Earlier this month, I was in Western Oklahoma for a trial. Surrounded by the wide-open Great Plains and the unmistakable presence of oil and gas infrastructure, it was impossible not to think about the industry’s influence on the region. A few people asked me if I had watched the acclaimed show, Landman, and as I hadn't, I started the series on my flights home.

Fittingly, my colleague Bryce Erickson authored a 2026 outlook for the natural gas industry that was originally published on Forbes.com where he is a contributor and it was reprinted on Mercer Capital’s Energy Valuation Insights Blog.

As a timely complement to my own experiences this month, we feature the piece in this month’s Family Law Valuation and Forensic Insights.

- Karolina Calhoun, CPA, ABV, CFF


U.S. natural gas markets appear to be entering 2026 with a sense of déjà vu. Although the snowstorm sweeping the country has spiked prices over $5 per mcf and short-term futures prices over $6 (with local prices spiking far higher than that in certain areas), overall outlook for most prognosticators is below $4 for most of the year.  Prices remain volatile, equities have struggled to find consistent footing and investor sentiment still skews cautious. Yet beneath the surface, production behavior, infrastructure progress and demand growth are aligning in ways that look more constructive than public market indications might suggest.

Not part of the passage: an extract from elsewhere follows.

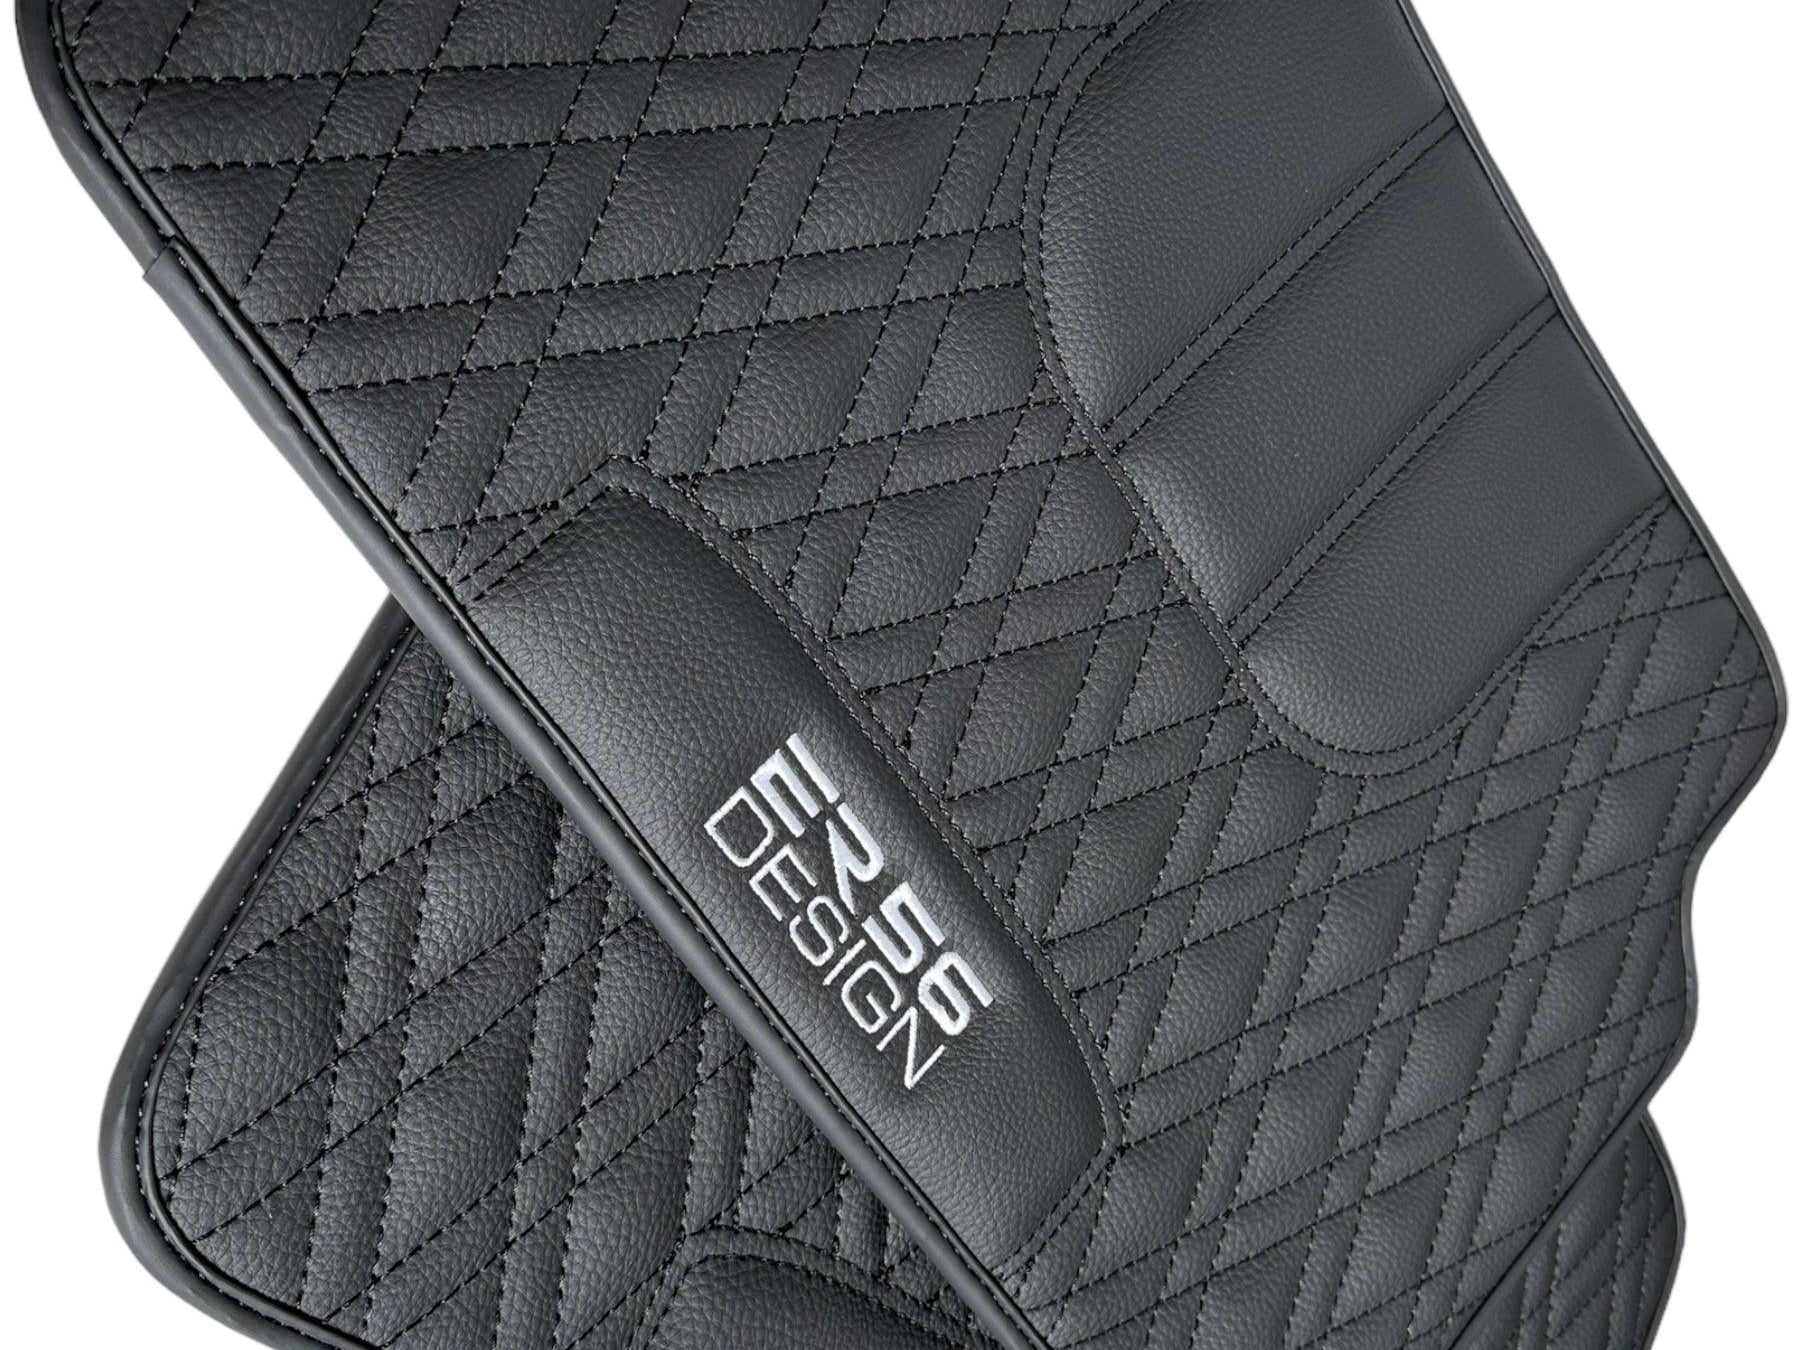 Floor Mats For BMW 5 Series E28 Sedan Black Leather Er56 Design - AutoWin

This disconnect is not new. Natural gas has long been viewed by many as a trading commodity rather than a long-duration asset. What is different in this cycle is that producers, infrastructure developers and capital providers seemed to have adjusted faster than equity markets. Supply growth these days is constrained more by choice and infrastructure, and less by geology. Demand is increasingly anchored by LNG exports and power generation tied to data centers; and capital structures are increasingly designed to wait rather than force growth or exits.

The result is a market still pricing gas for volatility, while fundamentals quietly tighten. ...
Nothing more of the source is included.